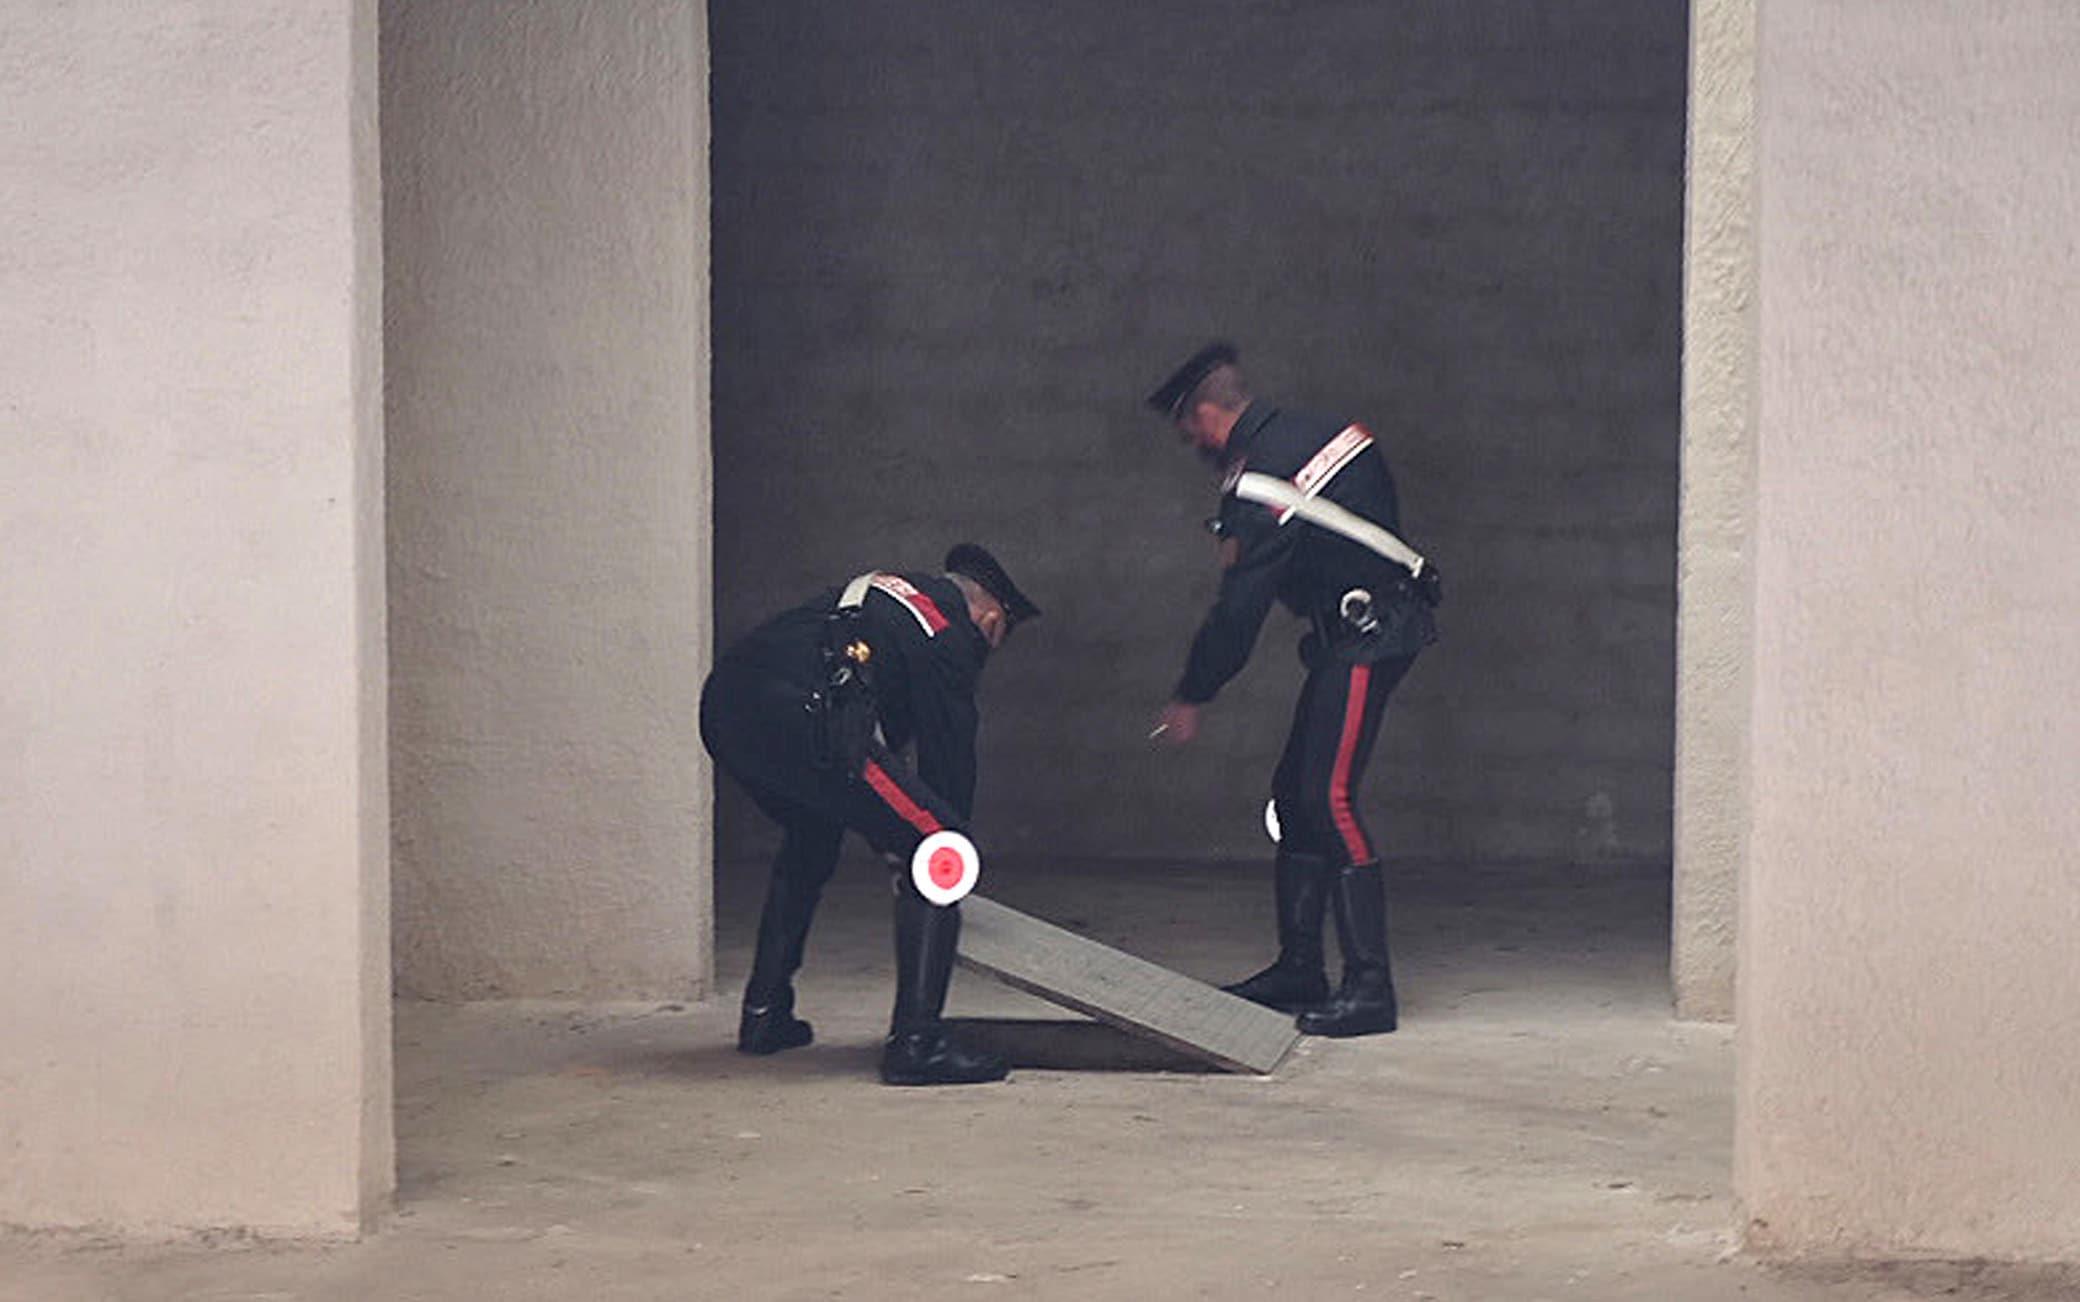 I carabinieri dei Ris ispezionano la botola che si trova nel garage della casa dove ha abitato Anna Corona, Mazara del Vallo (Tp), 5 maggio 2021. ANSA/CARMELO SUCAMELI
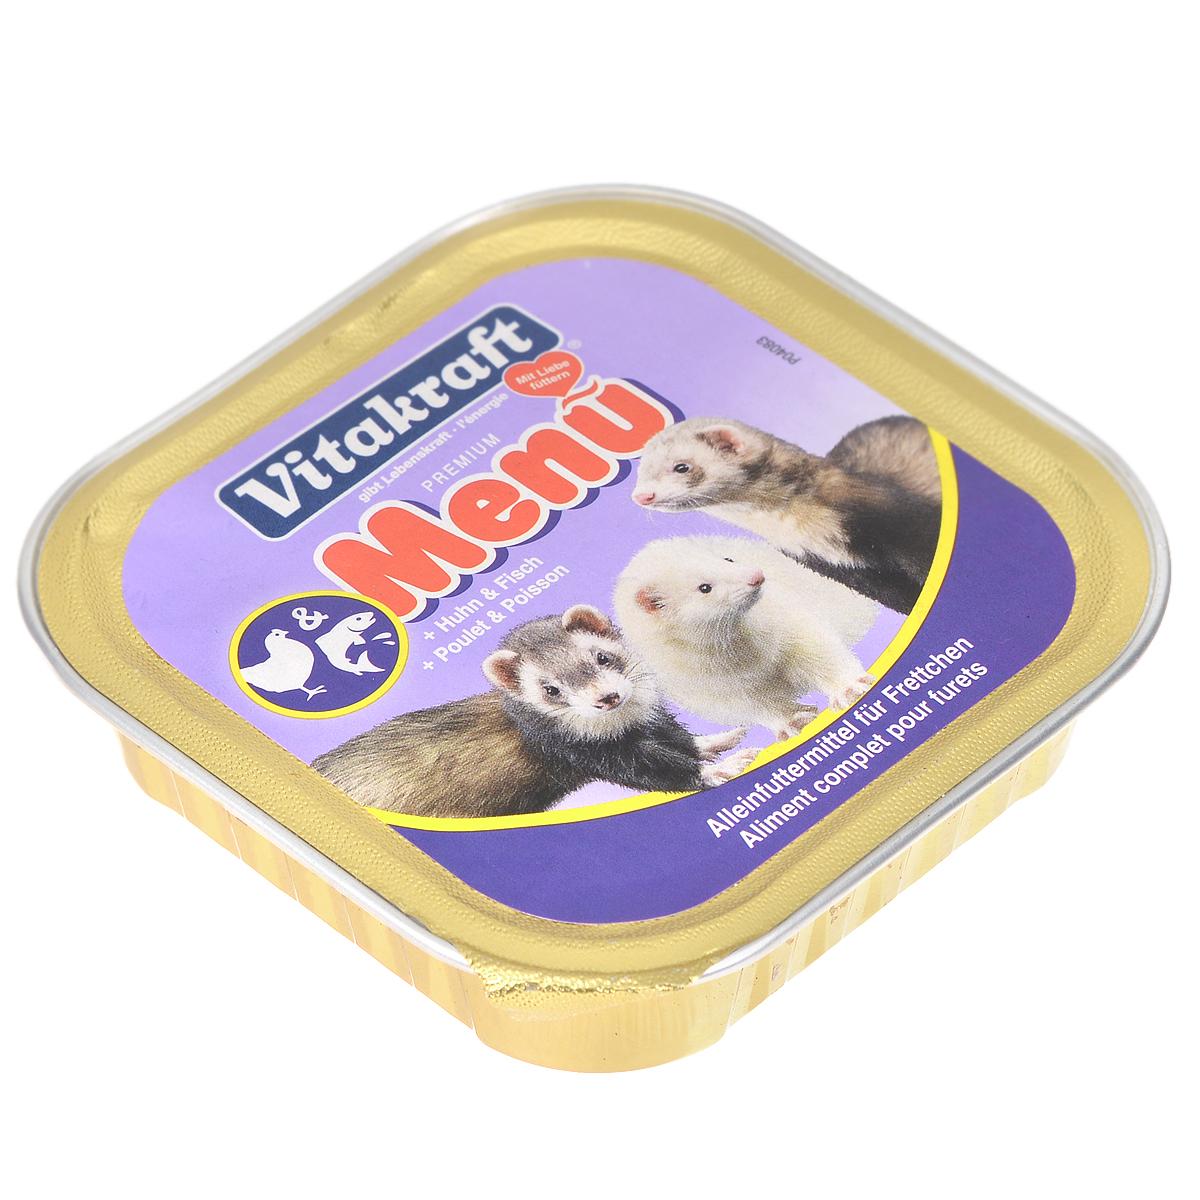 Консервы для хорьков Vitakraft Delikatess Menu, 100 г0120710Корм Vitakraft Delikatess Menu для хорьков для ежедневного применения. В консервах содержится комплекс жирных кислот, витаминов и минералов, заботящихся о хорошем внешнем виде шерсти и кожи животного.Благодаря оптимальному содержанию витаминов, минералов и питательных веществ рацион обеспечивает организм хорька всеми ресурсами, нужными для его нормальной жизнедеятельности и хорошего здоровья.Состав: мясо и мясные субпродукты, рыба и рыбные субпродукты, минералы. Пищевая ценность: 10% протеин, 5% жир, 0,2% клетчатка, 2% зола, 0,4% кальций, 0,3% фосфор, 82% влажность. Витамины: 30 мг витамин Е. Применение: давать 1 банку в день. Вес: 100 г.
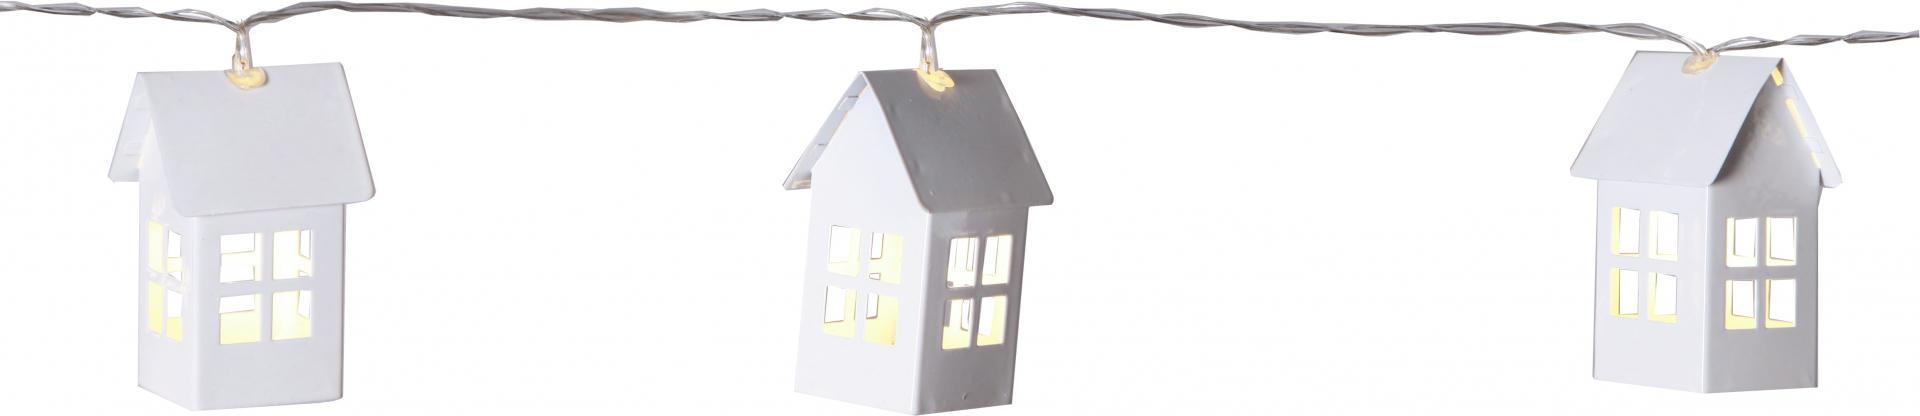 STAR TRADING Světelný LED řetěz s domečky Tin House, bílá barva, kov, plast
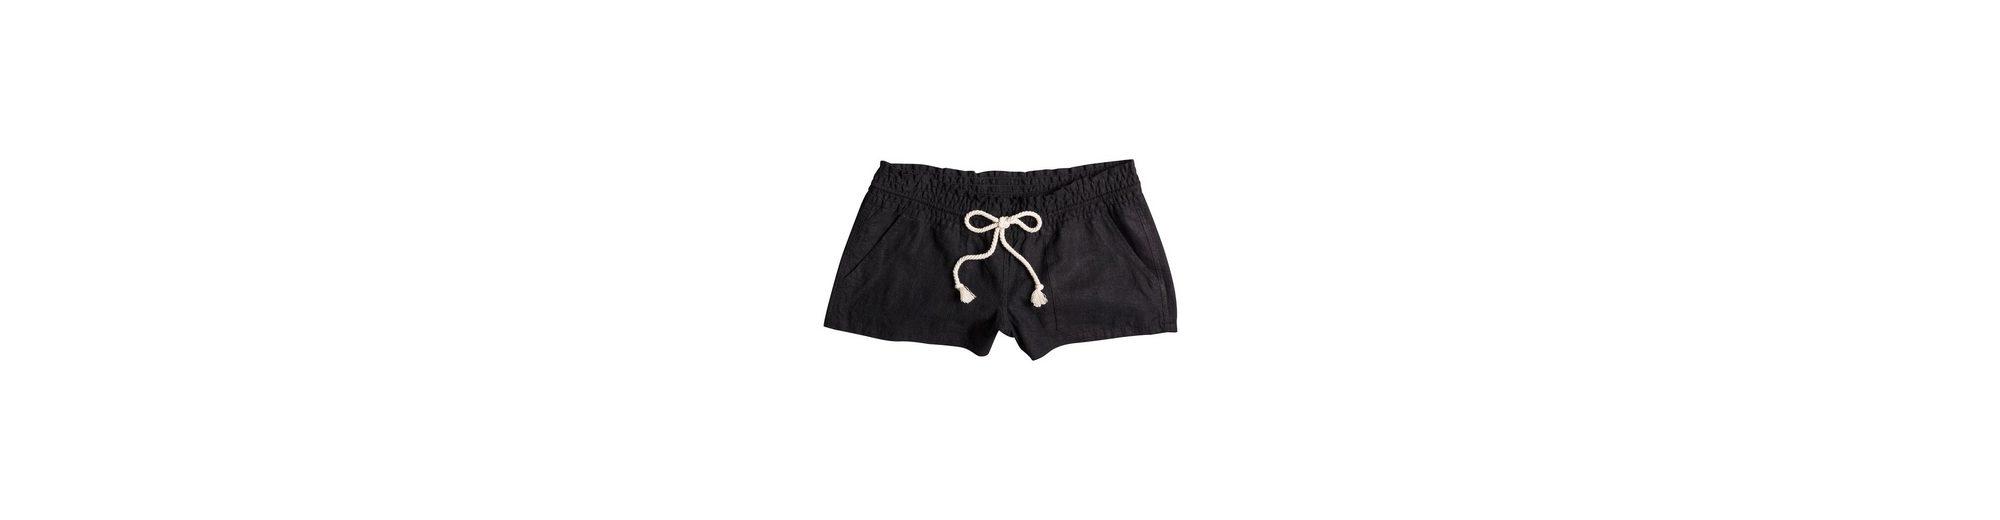 Mode-Stil Zu Verkaufen Günstig Kaufen Roxy Leinen Strand Shorts Oceanside Verkauf 100% Authentisch  Wie Viel Steckdose Suchen 13DQ7V61
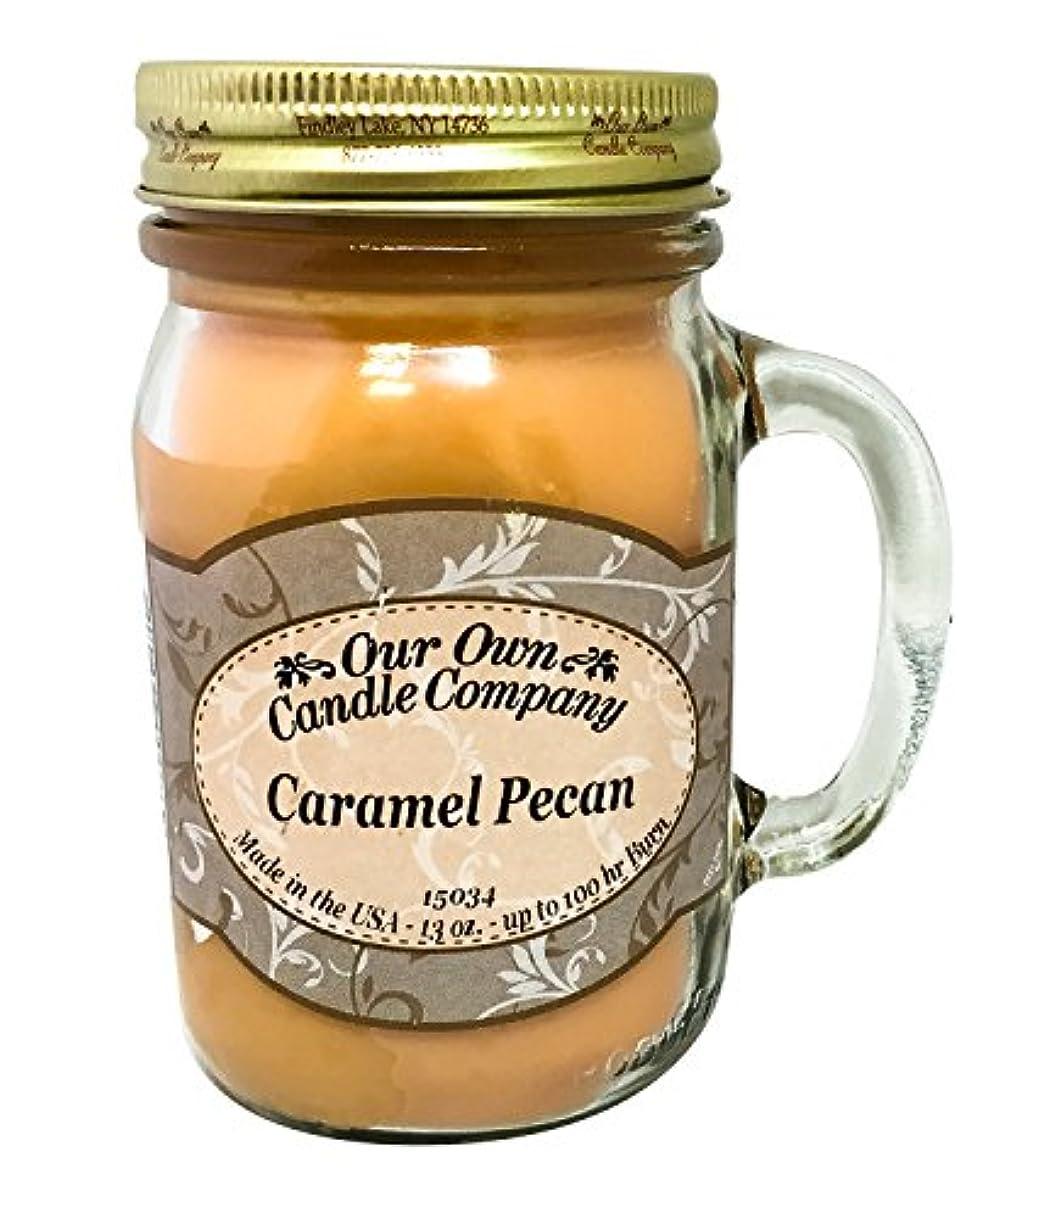 ベイビー帝国主義バイパスアロマキャンドル メイソンジャー キャラメルピーカン ビッグ Our Own Candle Company Caramel Pecan big

• • •

| Assigned task |
Repeat the preceding records precisely, and leave every picture out of the copy.

| Response for this exercise |
 I carabinieri dei Ris ispezionano la botola che si trova nel garage della casa dove ha abitato Anna Corona, Mazara del Vallo (Tp), 5 maggio 2021. ANSA/CARMELO SUCAMELI
 Консервы для хорьков Vitakraft Delikatess Menu, 100 г0120710Корм Vitakraft Delikatess Menu для хорьков для ежедневного применения. В консервах содержится комплекс жирных кислот, витаминов и минералов, заботящихся о хорошем внешнем виде шерсти и кожи животного.Благодаря оптимальному содержанию витаминов, минералов и питательных веществ рацион обеспечивает организм хорька всеми ресурсами, нужными для его нормальной жизнедеятельности и хорошего здоровья.Состав: мясо и мясные субпродукты, рыба и рыбные субпродукты, минералы. Пищевая ценность: 10% протеин, 5% жир, 0,2% клетчатка, 2% зола, 0,4% кальций, 0,3% фосфор, 82% влажность. Витамины: 30 мг витамин Е. Применение: давать 1 банку в день. Вес: 100 г.
 STAR TRADING Světelný LED řetěz s domečky Tin House, bílá barva, kov, plast
 Mode-Stil Zu Verkaufen Günstig Kaufen Roxy Leinen Strand Shorts Oceanside Verkauf 100% Authentisch  Wie Viel Steckdose Suchen 13DQ7V61
 ベイビー帝国主義バイパスアロマキャンドル メイソンジャー キャラメルピーカン ビッグ Our Own Candle Company Caramel Pecan big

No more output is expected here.